As Andy mentioned in the podcast, one of the most devastating scenes in Dawn of the Dead occurs when one character uses his last dying breath to beg his companion, gun at the ready, for some small mercy. “Don’t do it ’till you’re sure I’m coming back. I’m gonna try… not to. I’m gonna try not to come back. I’m gonna try… not to.” He, of course, does; his companion is reluctant, but deliberate, and shoots the shell of the man that lingers behind. It’s a particularly chilling moment that underscores the point.

 

Scott Reiniger, one of Second Breakfast's famed "Those Guys."

 

Different works have used that mindlessness to stand in for various ideas: racism, consumerism, retributivism, etc. But at their core, they’re all underlied by a fairly simple premise — the worst of mankind is not that far away, and by the time circumstances have arisen to bring that to the fore, the battle has already been lost.

In the same vein, the other facet of that internal fear comes from the people who have managed to survive. It’s a subject that’s been explored in post-apocalyptic films of all varieties.
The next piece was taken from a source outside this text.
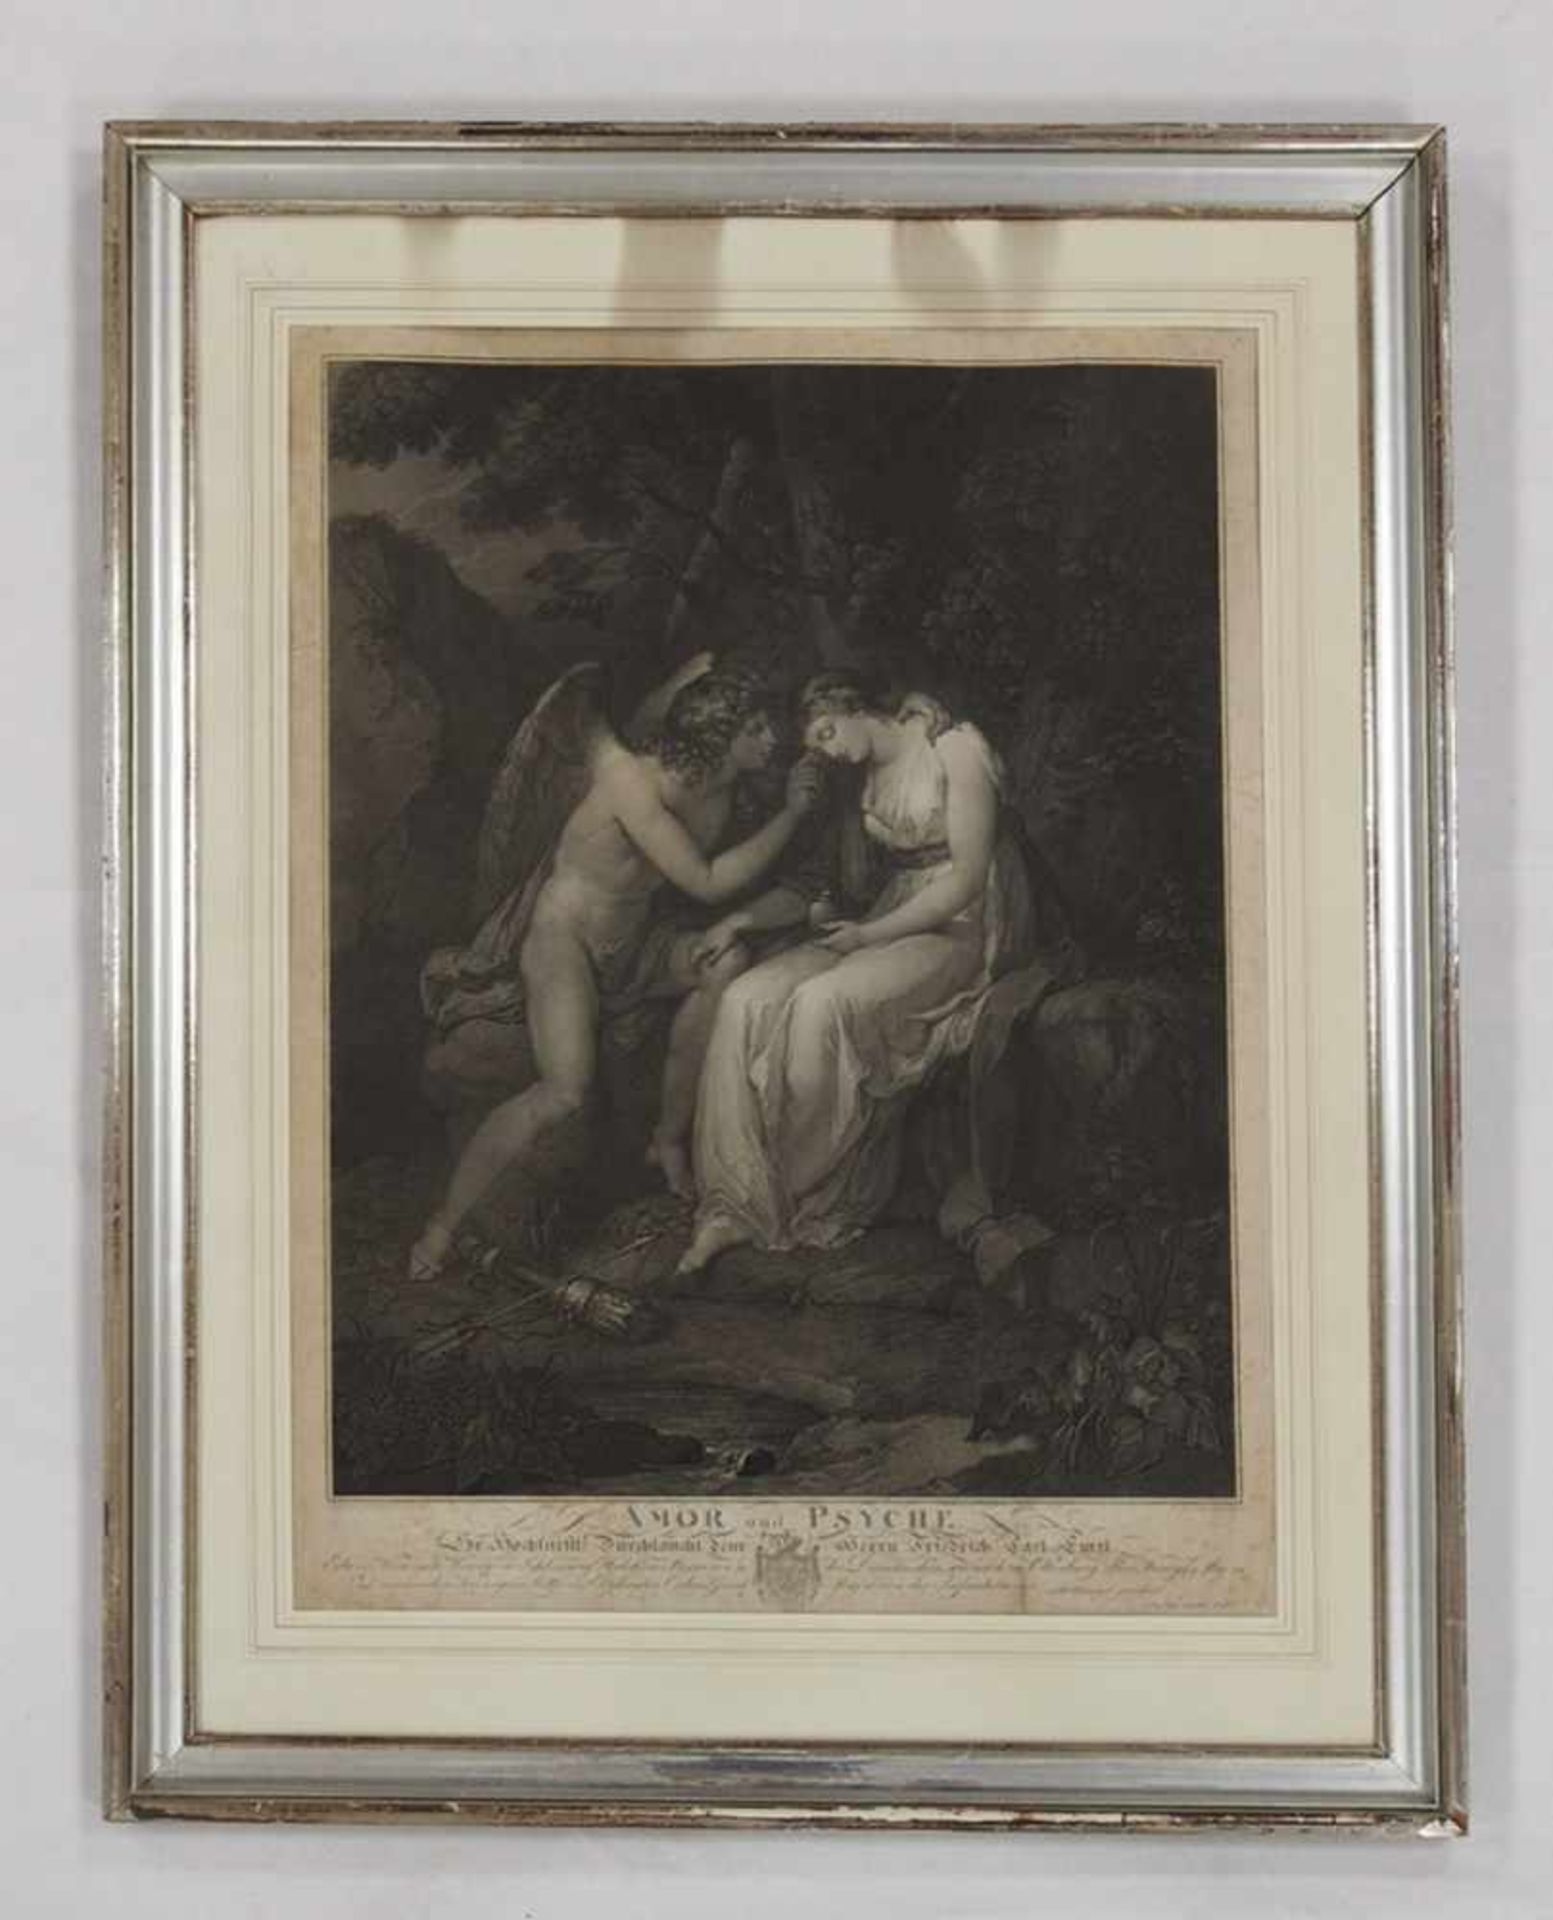 BUCHHORN, Ludwig1770-1856Amor und PsychePunktierstich (nach A. Kauffmann), 1804, 59 x 45 cm, gerahmt - Bild 2 aus 2

How do people behave when there’s no one to enforce the rules and the protective veneer of society’s norms have been stripped away? Many devolve into cruelty, hedonism, selfishness, and worse when the metes and bounds of civilization are removed. The living, in a zombie film, are a mirror image of the undead – a parallel instance of nominally civilized people giving into their weaker selves wholesale.

The scariest part of all of this is not the concern that these terrible circumstances destroy our society or strip away our humanity. It’s the fear that they reveal them. It’s the concern that these base instincts are humanity and that our grace and gentility and our achievements as a species are all fragile constructs, easily shattered in the face of overwhelming fear, want, and desperation.

Zombies are compelling because they’re a view of the worst case scenario, both for the world humanity has built and for humanity itself. That view is troubling, even disquieting, but it also makes it hard to look away. From the shambling id of the undead themselves, to the crumbling societies built on flimsy fables of security, to the surviving men and women who often prove themselves scarcely worth being saved, zombies are scary and yet irresistible because they present a stark, chilling thought:

This is what we are. And all we are. And your day will come.